Once the coefficients (approximations and details) from each decomposition level are obtained a fusion scheme is applied to catch the most representative information from each representation. The most widely used fusion schemes proposed in the literature to merge the information are reviewed in Section 2.2. Finally, the inverse DWT is applied to the result in order to obtain the sought fused image (). Figure 2 presents a classical DWT based image fusion pipeline.
At this section basic concepts of discrete wavelet transform are introduced. The DWT can be represented as a bank of filters, where at each level of decomposition the given signal is split up into high frequency and low frequency components. The low frequency components can be further decomposed until the desired resolution is reached. If multiple levels of decomposition are applied, it is referred to as multiresolution decomposition. Although there is no rule, in general, in the image fusion problem just one level of decomposition is considered. In the current work, the optimum number for the level of decomposition is found by evaluating different configurations.

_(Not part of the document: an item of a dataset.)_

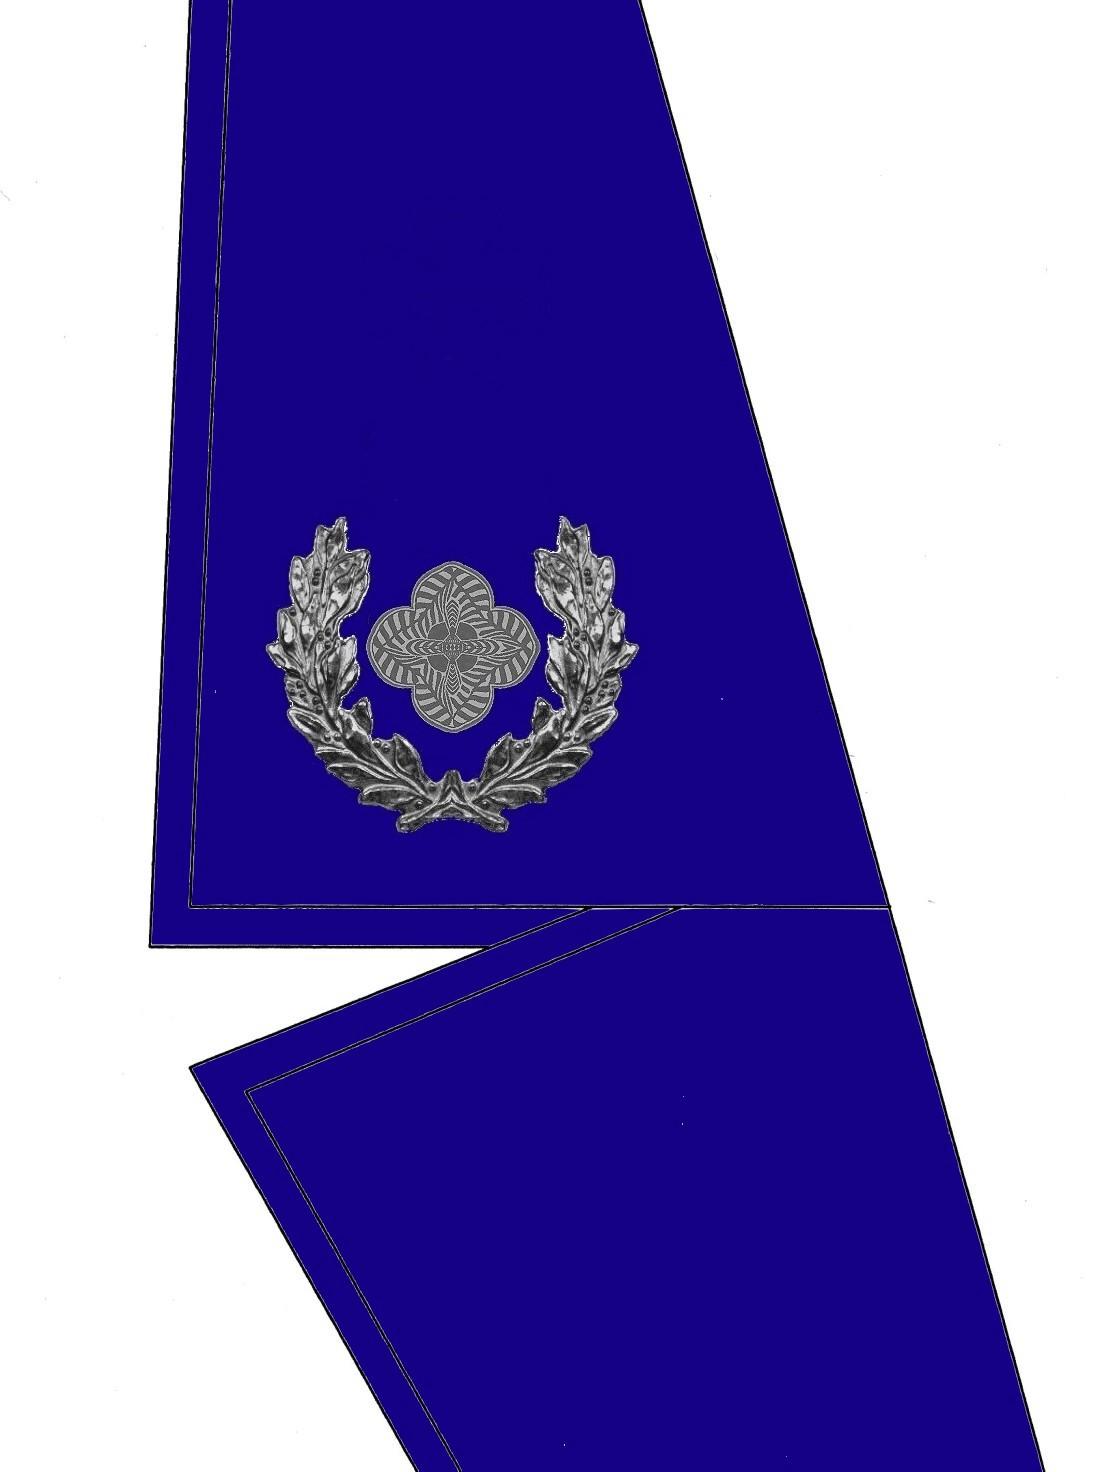 08-kragen-rangabzeichen-offzstvcsli-hg-blau

In discrete wavelet transform theory several wavelet families have been proposed in the literature. Each family has a wavelet function and a scaling function. These two functions act as a high pass filter (the wavelet function) and a low pass filter (the scaling function). A wavelet family is normally represented by only its wavelet function. Both of these functions must satisfy some conditions to ensure that the transform can be done. More details about the conditions that must be satisfied can be found in . Within each of these families we have some subclasses that depend on the number of vanishing moments in the wavelet function. This is just a mathematical property that we can directly relate to the number of coefficients. Each of these wavelet functions and their subclasses represent a different way of decomposing a signal; several of these wavelet functions have been considered in the current cross-spectral image fusion evaluation study.
In addition to the wavelet function family, there also exist different variations to the way the approximation and detail coefficients are obtained. These variations are related with the sampling of the signal after the transformation is applied. This result in a larger number of setups to be considered in the current evaluation study. The possible variations are as follows:
Decimated: In this case the approximation and details images are downsampled after each level of decomposition (in case of multi level decomposition), keeping one out of every two rows and columns. As previously mentioned, the wavelet and scaling functions can be viewed as high and low pass filters, respectively. Because these filters are one dimensional, when dealing with 2D images the process consists of applying these two filters first to the rows and then to the columns. Figure 3 presents an illustration of this concatenation of high (h) and low (l) pass filters applied to the rows and columns of a given image in order to obtain the approximation (A) and details (HD, VD, DD).
This produces the approximation image (low pass filtering to both the rows and columns) and the detail images shown in Figure 1 (right) at half the size of the original input image. When applying the inverse transform, which needs to be done after the fusion stage (see Figure 2), the approximation and details images are first upsampled and then the inverse filter is applied.
The main problem of using decimation in image fusion is that it tends to introduce artifacts when the images to be fused are not correctly registered; the same problem happens for features that do not have horizontal or vertical orientation.
Undecimated: In this case instead of downsampling the resulting approximation and detail images, the filters are upsampled. This produces approximation and details images of the same size as the original ones but with half the resolution. In this case, when doing the inverse transform, the filters are downsampled.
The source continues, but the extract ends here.